Het beginsel van verbetering door survival of the fittest werkt op niveau van de soorten, en op grotere tijdschaal. Omdat die exemplaren van een bepaalde soort die het best toegerust zijn voor hun omgeving overleven en overeenkomstige nakomelingen krijgen, past de soort zich steeds beter aan bij zijn omgeving. Zo werkt de natuur al sinds zo lang zij bestaat. Het beginsel werkt niet op het niveau van de menselijke vooruitgang, en wel om de simpele reden dat de menselijke voortplanting niet meer bepaald wordt door de strijd tegen zijn omgeving: een minder geslaagd exemplaar gaat misschien wel eerder dood, maar het verschil is tussen zeventig en vijftig jaar. Mensen hebben hun nageslacht dan allang gehad. De president en de timmerman hebben evenveel kans op nageslacht vanuit het gezichtspunt van levensduur. In de praktijk blijkt zelfs het omgekeerde: het is tegenwoordig zo dat de hoger opgeleiden, voor een groot deel samenvallend met de geslaagden, gemiddeld minder nakomelingen hebben dan de lager opgeleiden.

Deze algemene denkfout leidt tot allerlei meer praktische denkfouten. Een aantal is opgesomd hieronder.

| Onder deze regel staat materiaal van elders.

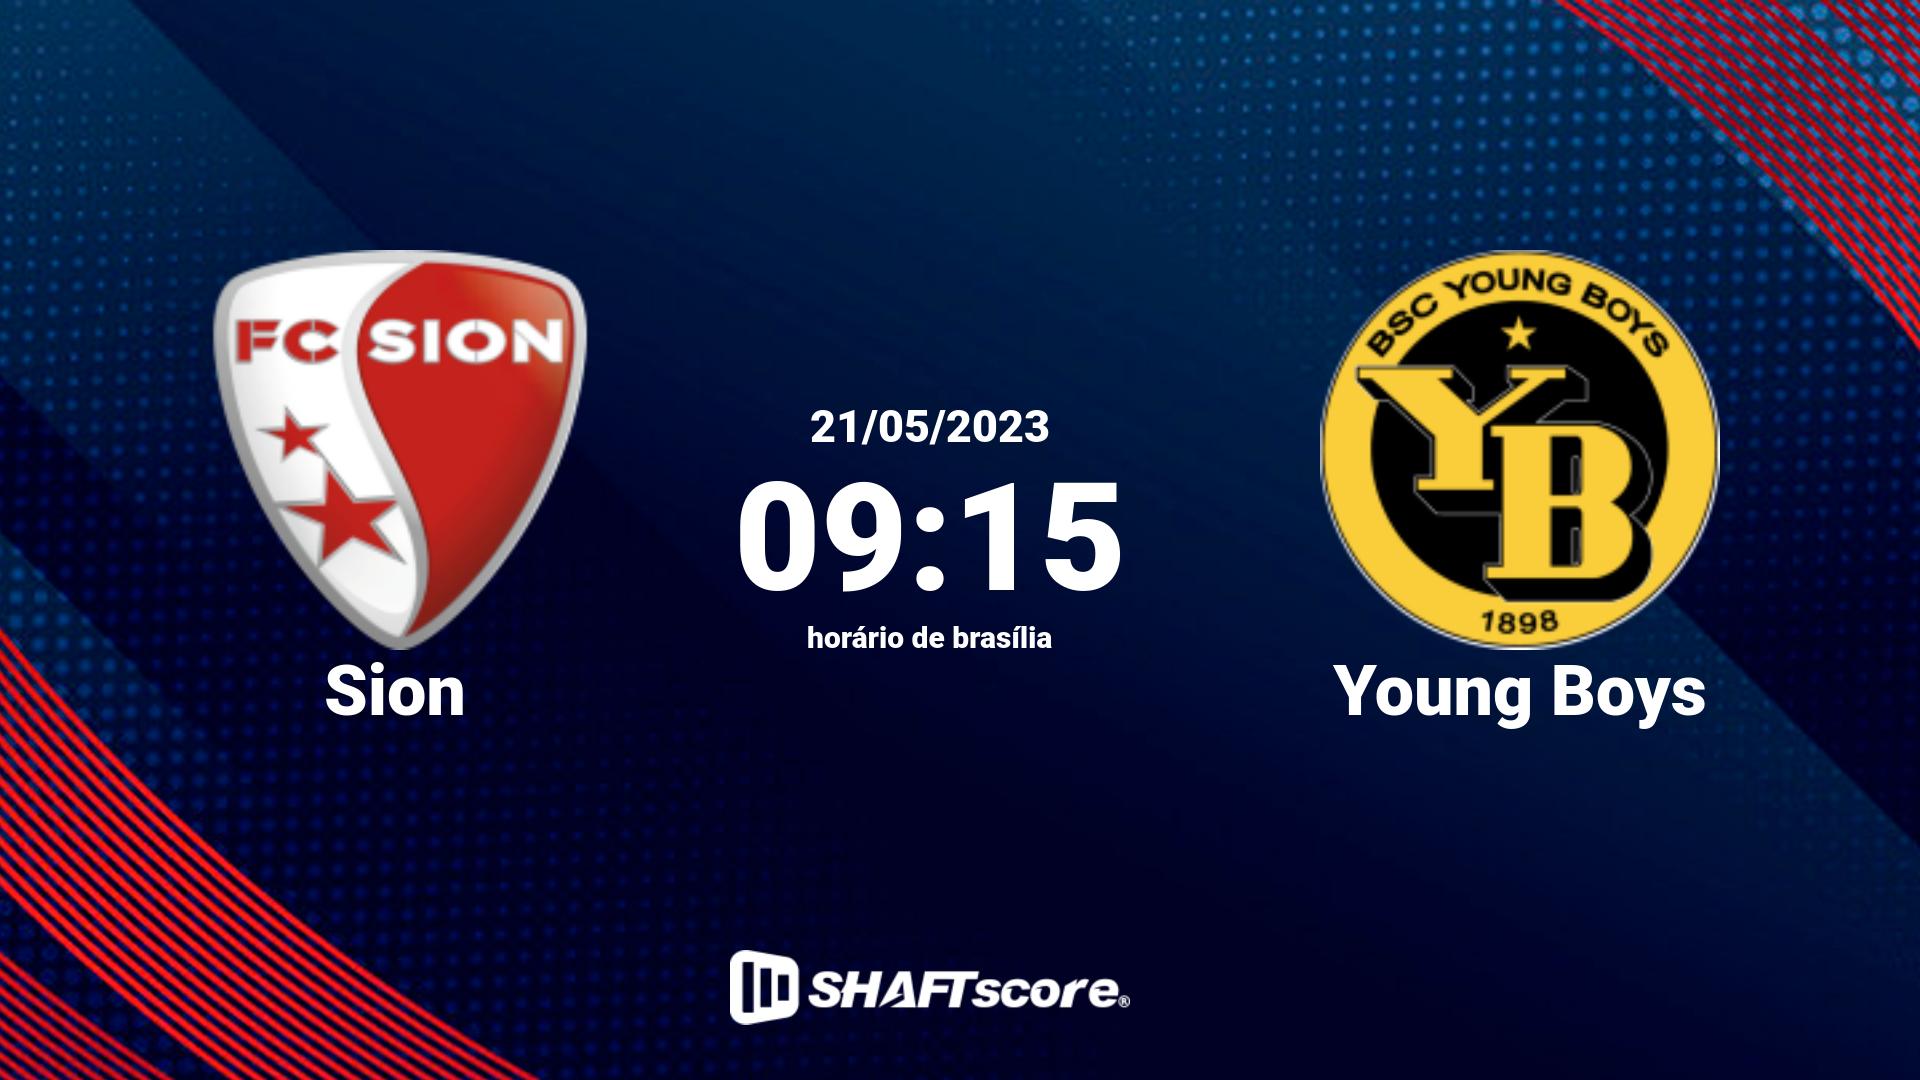 Estatísticas do jogo Sion vs Young Boys 21.05 09:15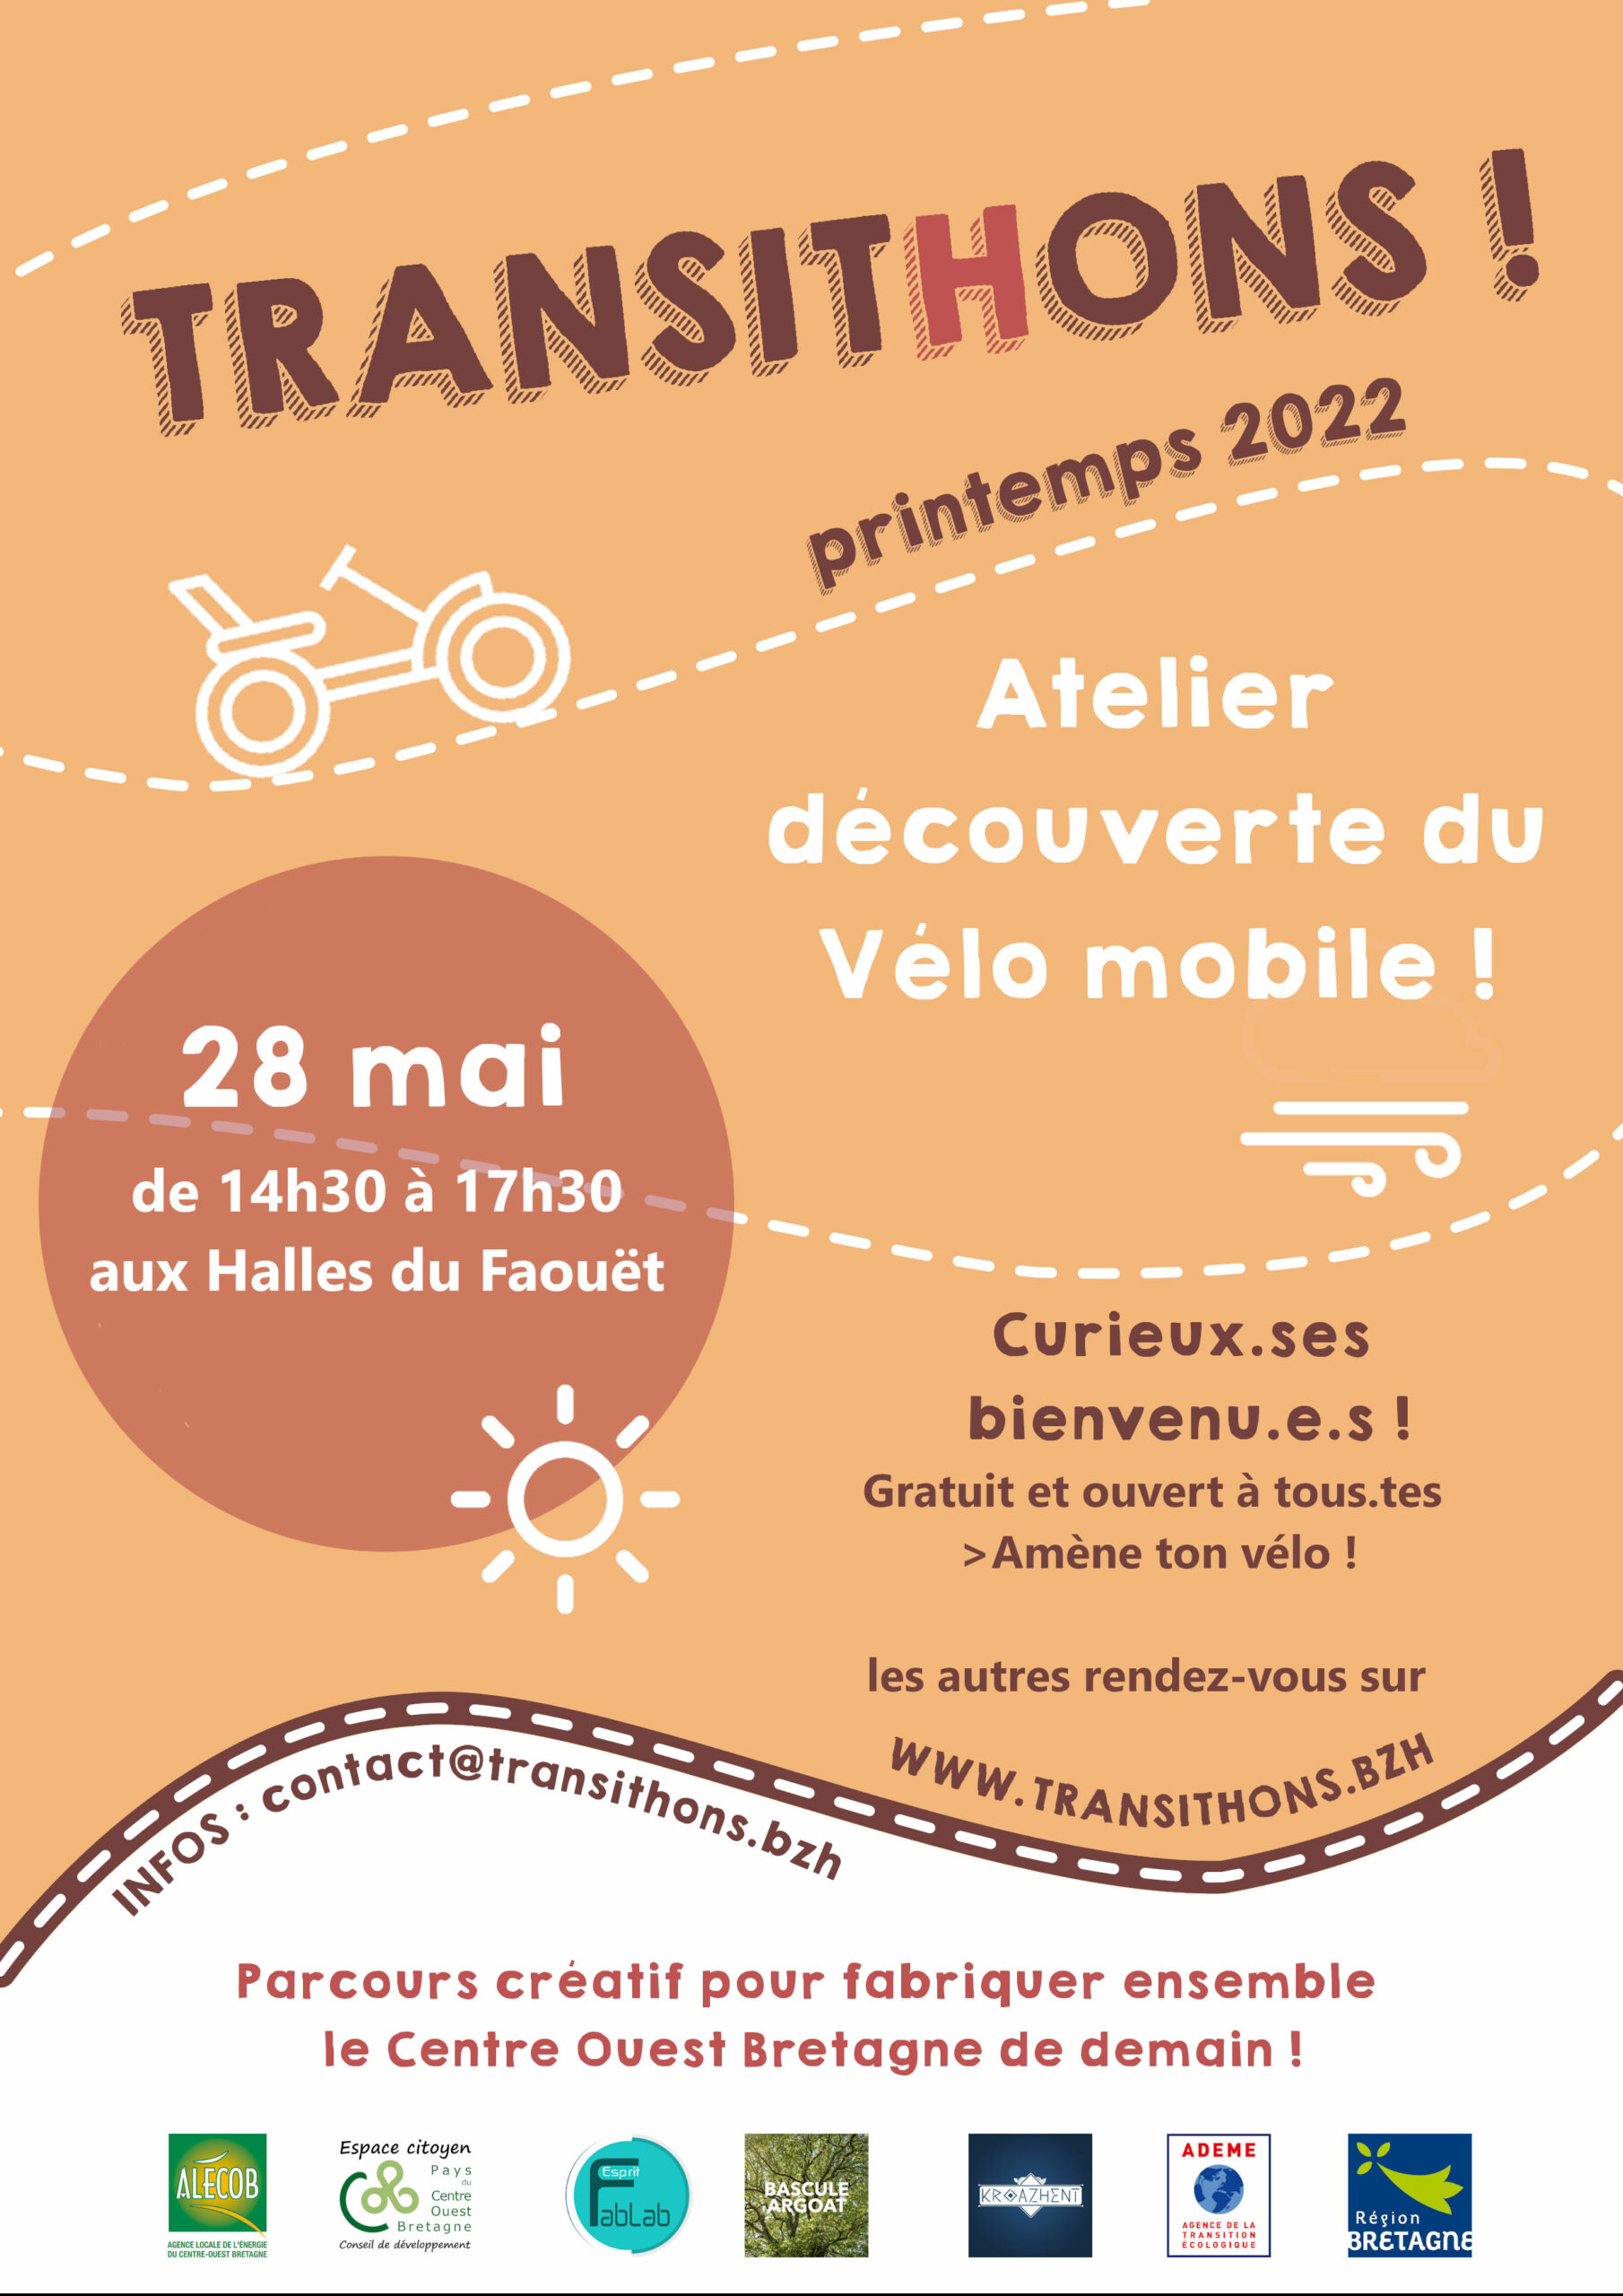 TRANSITHONS printemps 2022 !

De eerste afgeleide denkfout is dat het individu belangrijker is dan de maatschappij. Deze fout is noodzakelijk om de hierop volgende egoïstische denkfouten te kunnen maken. Als je er vanuit gaat dat de maatschappij belangrijker is dan het individu, zijn allerlei ideeën en acties om jezelf te verrijken ten koste van anderen niet te verantwoorden. Dus moet eerst deze fundamentele stap gezet worden. Het meest duidelijk is ze verwoord in de rechtse ideoloog van de jaren tachtig, de Britse premier Thatcher, die stelde dat er niet zoiets bestond als “society”, maatschappij. Dat dit volkomen onjuist is, blijkt uit het feit dat vrijwel alle rijkdommen die de rechtsen vergaren, de luxe goederen van de moderne industriële maatschappij, alleen tot stand kunnen komen door hoog georganiseerde vormen van samenwerking, dat wil zeggen: door een collectief dat de belangen van het geheel stelt boven die van het individu.

De tweede denkfout is dat de sterkere recht heeft op meer, uitsluitend op grond van zijn sterker zijn. Met “meer” wordt hier meestal materiële zaken bedoeld, samen te vatten in “meer geld”. Met de kwalificatie dat dit een denkfout is, wil niet gezegd worden dat iedereen evenveel moet krijgen. Het is terecht dat degene die meer bijdraagt aan de maatschappij, daarvoor beloond wordt. Het, voor velen subtiele, verschil zit in “de sterkere” en “wie meer bijdraagt”. In tegenstelling tot de wijd verspreide opinie hierover zijn dit beslist niet dezelfde begrippen. Als het om materiële bijdragen gaat, is het alleen degene die produceert die bijdraagt, en er zijn heel weinig “sterkeren” geweest die ook maar iets materieels hebben geproduceerd. En als het gaat om ideeën, valt een zelfde opmerking te maken.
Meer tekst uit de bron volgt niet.